EXERCISE DIRECTIONS: All of the data is to be written out again exactly, without the pictures.

======== MATERIAL PROVIDED ========

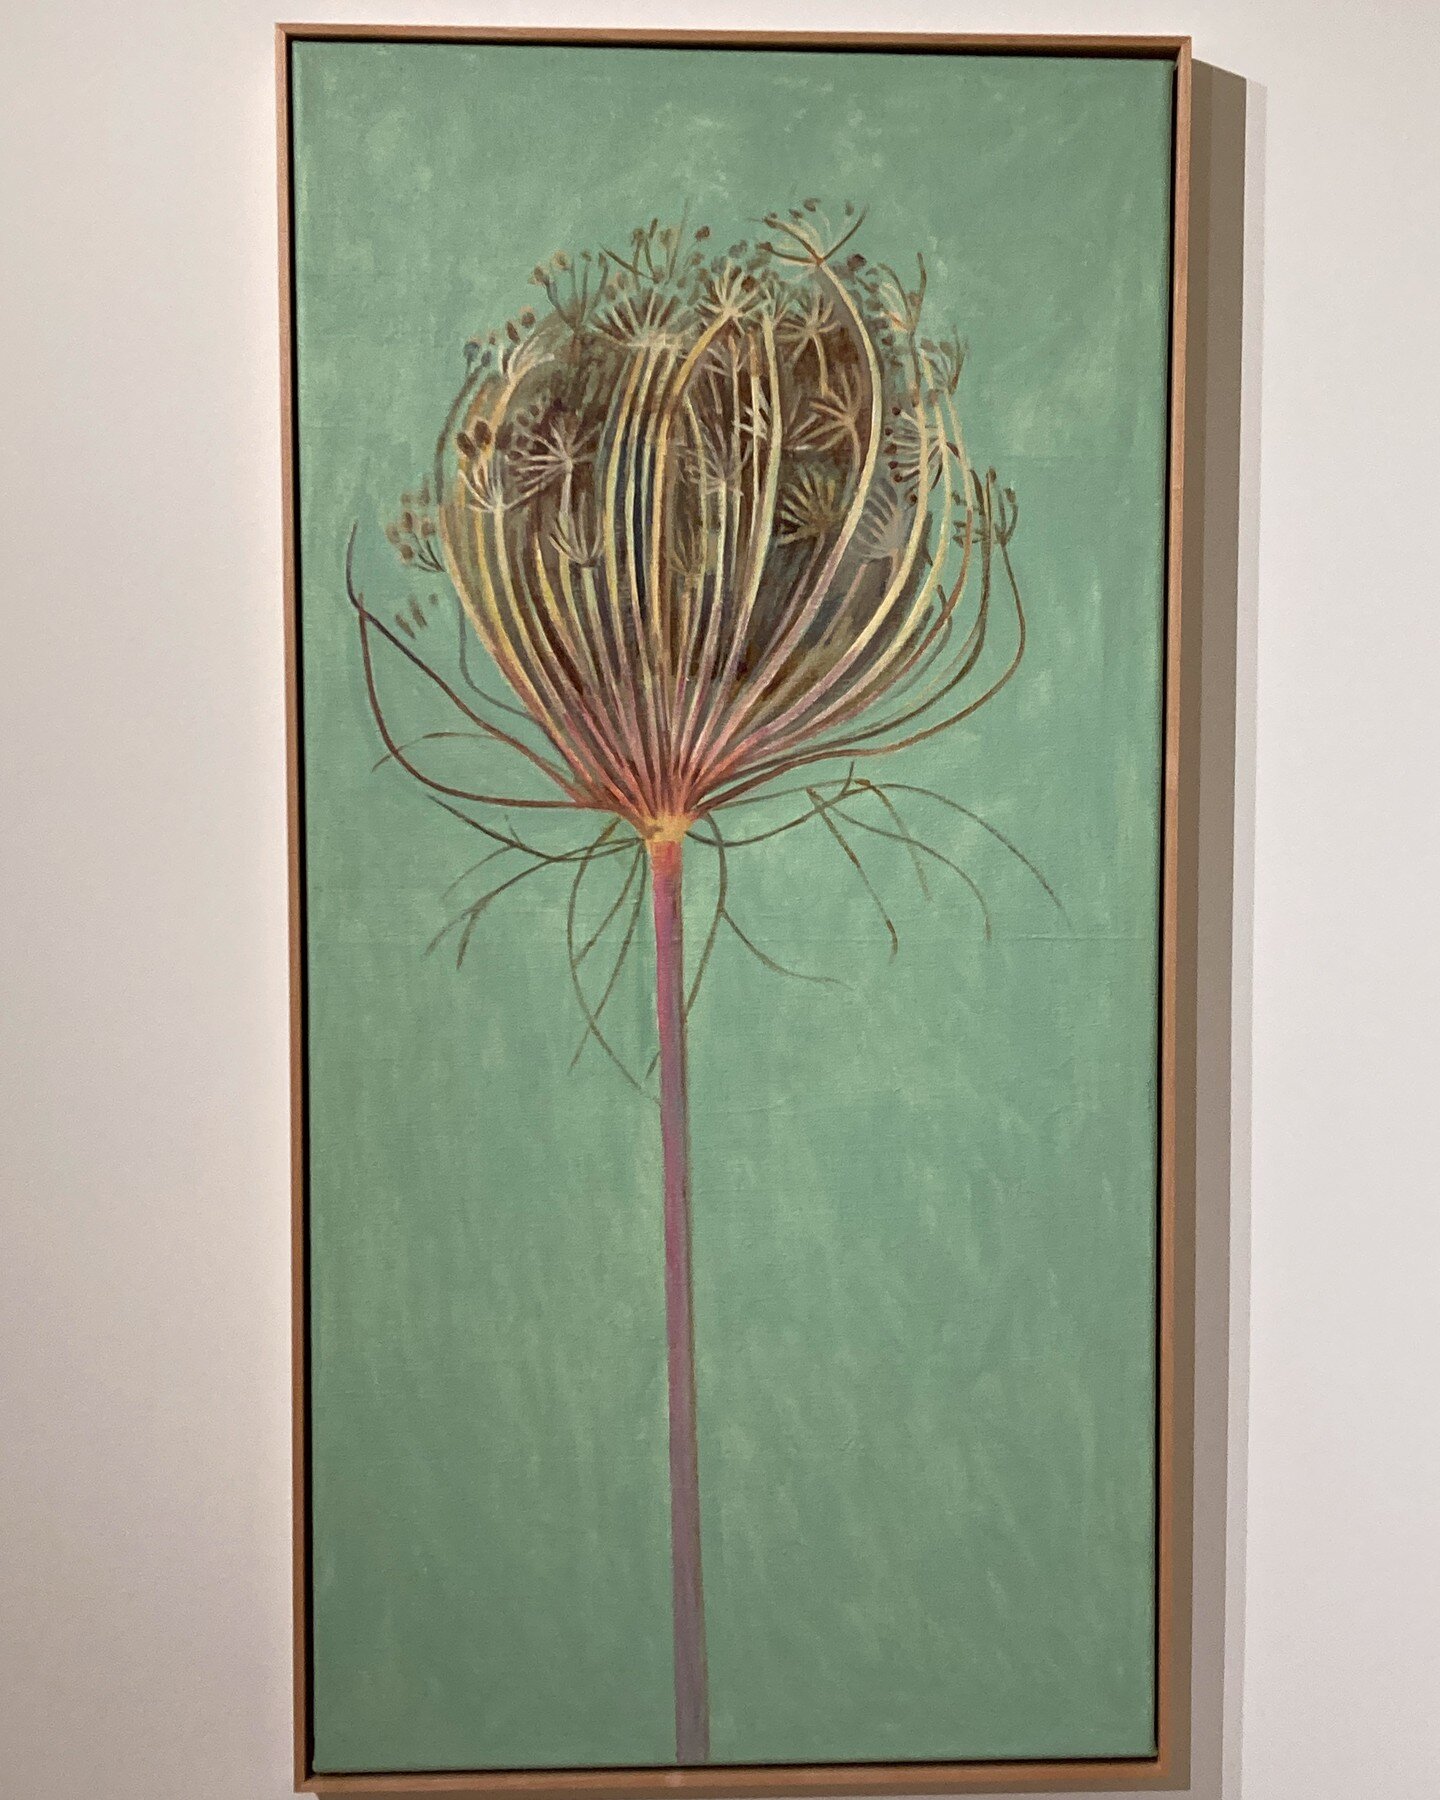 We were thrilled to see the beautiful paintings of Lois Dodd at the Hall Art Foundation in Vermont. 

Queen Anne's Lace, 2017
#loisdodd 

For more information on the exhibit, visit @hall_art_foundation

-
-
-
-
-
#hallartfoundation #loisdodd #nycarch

========

RESPONSE AREA:
 We were thrilled to see the beautiful paintings of Lois Dodd at the Hall Art Foundation in Vermont. 

Queen Anne's Lace, 2017
#loisdodd 

For more information on the exhibit, visit @hall_art_foundation

-
-
-
-
-
#hallartfoundation #loisdodd #nycarch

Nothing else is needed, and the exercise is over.